Some of the people in my life immediately began assuming I was seconds away from engagement and that the man of my dreams had finally figured it out… yada yada yada. None of that happened, and it certainly wasn’t the point of the post…

As a 24 year old woman, who pursues the Lord relentlessly, has a pretty good sense of humor, cares really deeply, can be quite bright about subjects that interest her and otherwise, is quite beautiful both on the inside and outside, and has a good head on her shoulders, a calming presence in difficult times, and is pretty easy to get to know… I happen to be like a lot of my friends. There is nothing innately special about me, my appearance, or my character. I know many other women who share these traits with me.

I also know many other Godly women who share another trait with me… singleness.
Amazing women, mentors of mine, role models in my professional field, mothers in the faith…

In a culture that seems to create lists as a connecting point, I have created a new list (a bit funny, but well meaning).
What do you do when you KNOW good men…
but those good men aren’t “right for you” (I purposefully put this in quotes since I think it’s a funny saying and I’ve heard it a lot).

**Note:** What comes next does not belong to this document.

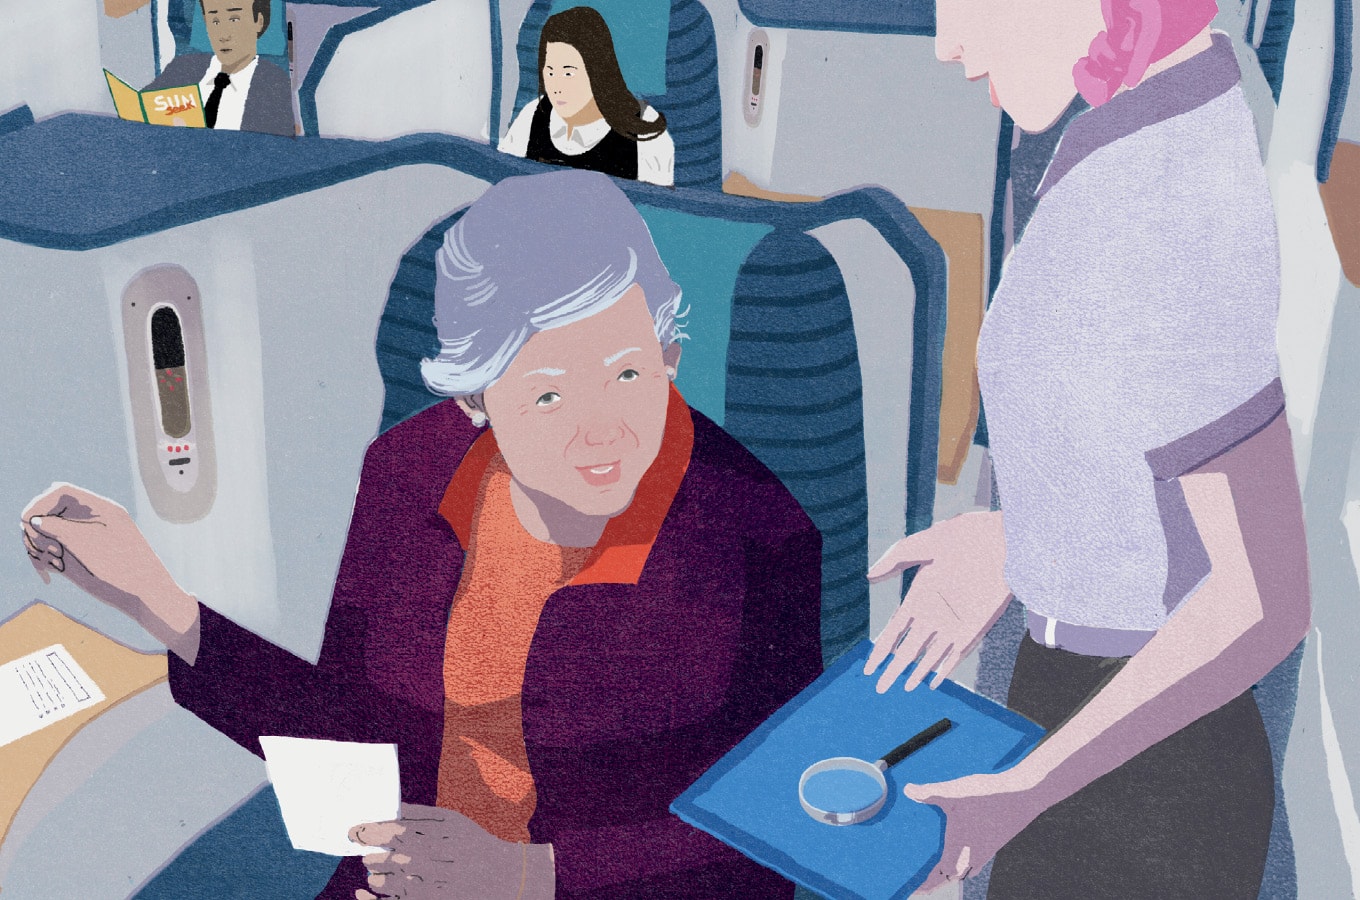 n el avión, la asistente de vuelo ofrece una lupa para ayudar a una mujer que tiene dificultades para leer.

This list is part entertaining, part serious. I have done all and/or am currently doing some of them. This list is not for everyone, it will not deliver you to some special place, but it is real, down to earth, and it works (for me).

10 Things to Do When You Know Good Men
When You’re Awesome and He’s Awesome and Nothing is Happening

1. Watch This Clip
and laugh. laughter is the first step. This movie is actually  the first step for me.

2. Practice Diligence
in particular, practice this diligence in prayer.
There are things I began praying about years ago and have no more of an answer to them than the day I began, but this is what I have learned during seasons of intense prayer… when my heart is focused upon the Lord, when my thoughts are rooted in the truth, when I am mindful of my time here on earth and its limit… practicing diligence is a trait that comes with that territory.
Find a good book, go through the Bible in a year, choose to journal, create a prayer corner in your home.
For me, this looks like two hand decorated mason jars sitting in my living room, waiting to be filled this year with praises of thanksgiving and prayers and expectations and a 4 pronged fork ring that I wear on days that I know may be particularly difficult.
Find whatever works for you. Find a secret that returns you to the Lord.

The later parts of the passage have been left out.